09:04 🔗 omf_ To me the geocities clip shows the impressive value of stored culture.
09:04 🔗 omf_ All my old ones are
09:04 🔗 omf_ like 7 of them
09:05 🔗 omf_ I did not even have backups of those
09:05 🔗 omf_ I had erased them a long time ago
09:05 🔗 omf_ All this data saved has immense value
09:05 🔗 omf_ everything else is just trying to explain that point to people
09:05 🔗 SmileyG I don't know how to check tbh.

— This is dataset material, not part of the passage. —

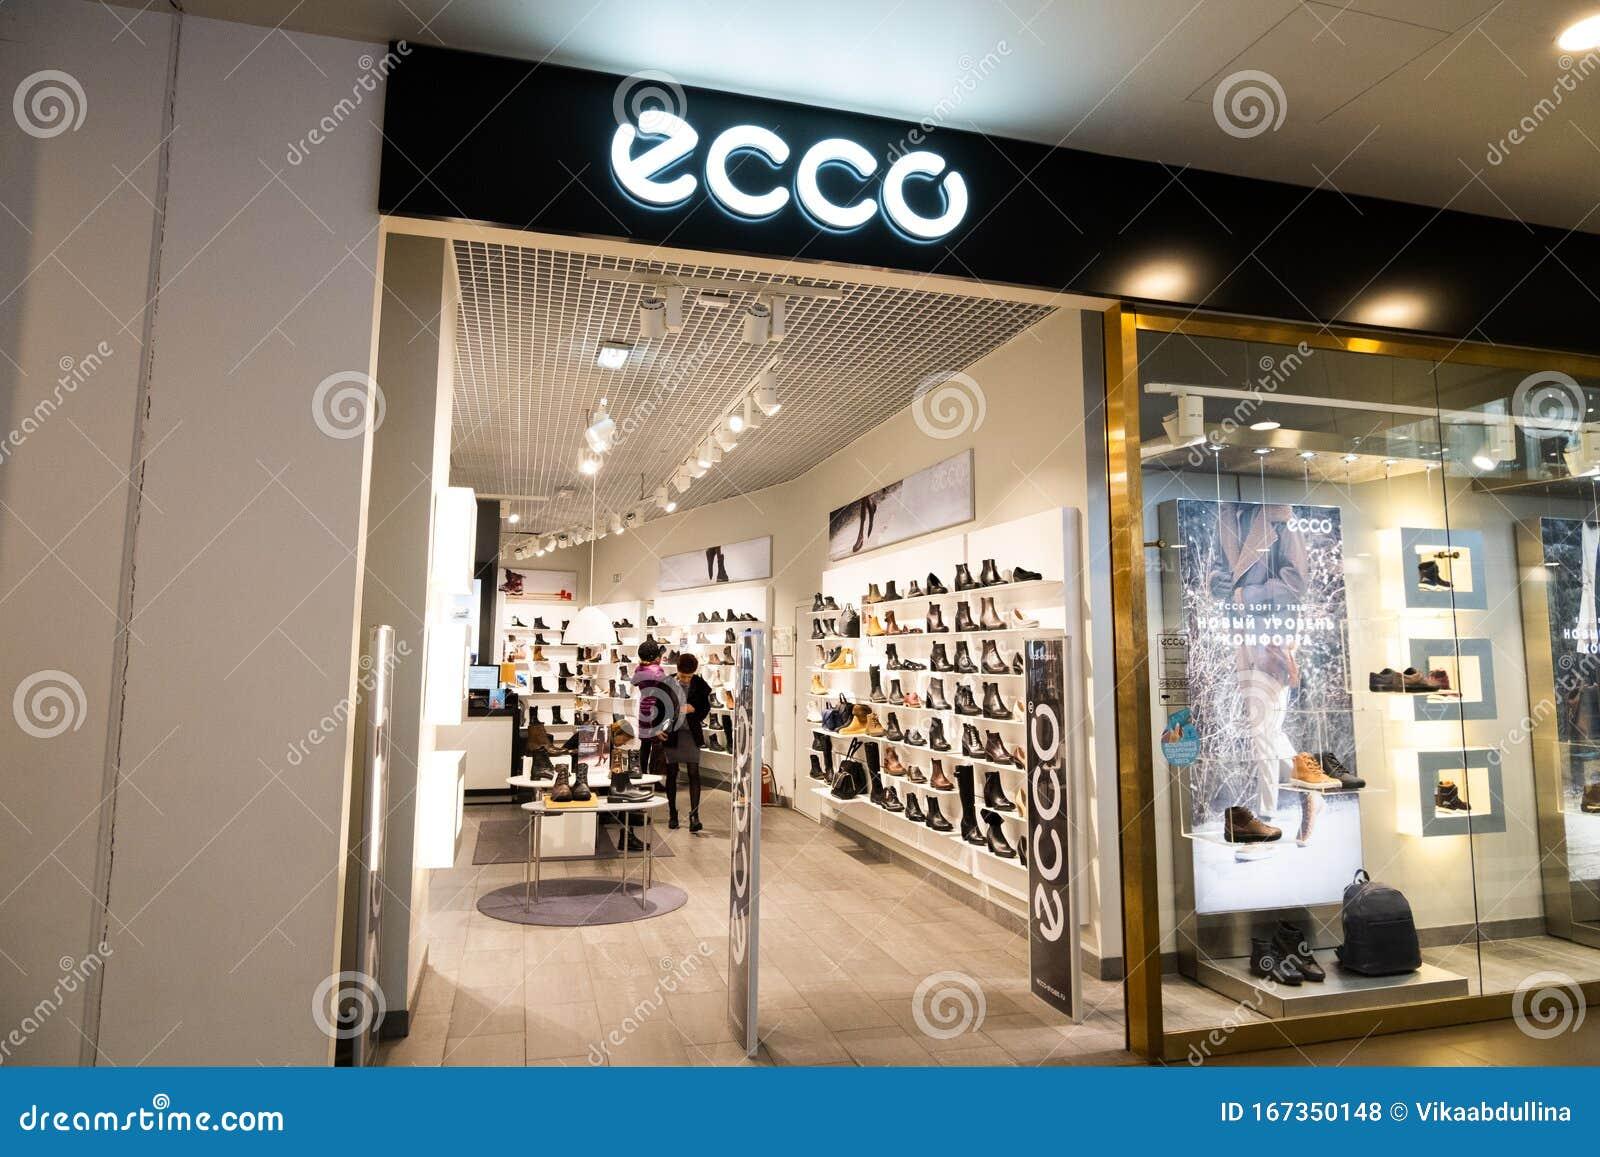 Ecco Store In Galeria Shopping Mall In

09:05 🔗 SmileyG as it's not a warc?
09:10 🔗 SketchCow http://gallery.me.com/stephaniefay1/101561
09:10 🔗 SketchCow Anyone want to take a shot at finding this?
09:12 🔗 SketchCow alard: Let me know if we can find this outside the index
09:12 🔗 SketchCow Or if there's a list somewhere of what all we grabbed
11:31 🔗 offender hi everyone!
11:31 🔗 offender burn all jews in oven!
11:31 🔗 offender death to jews
11:31 🔗 offender sieg heil
11:31 🔗 offender burn all jews in GAS oven
11:32 🔗 SmileyG ty.
11:32 🔗 joepie91 funny how his kick reason is the same as his nick, yet appropriate
11:32 🔗 SmileyG ;)
11:33 🔗 SmileyG I would of done offended ;)
11:33 🔗 offender hi i came back
11:33 🔗 offender death to jews!
11:33 🔗 offender sieg heil
11:33 🔗 offender allahu akhbar
11:34 🔗 SmileyG Like so
11:34 🔗 SmileyG wtf where did my reasoning go
11:34 🔗 SmileyG :D
12:12 🔗 ersi Bleh, missed an @ - which made things a little silly.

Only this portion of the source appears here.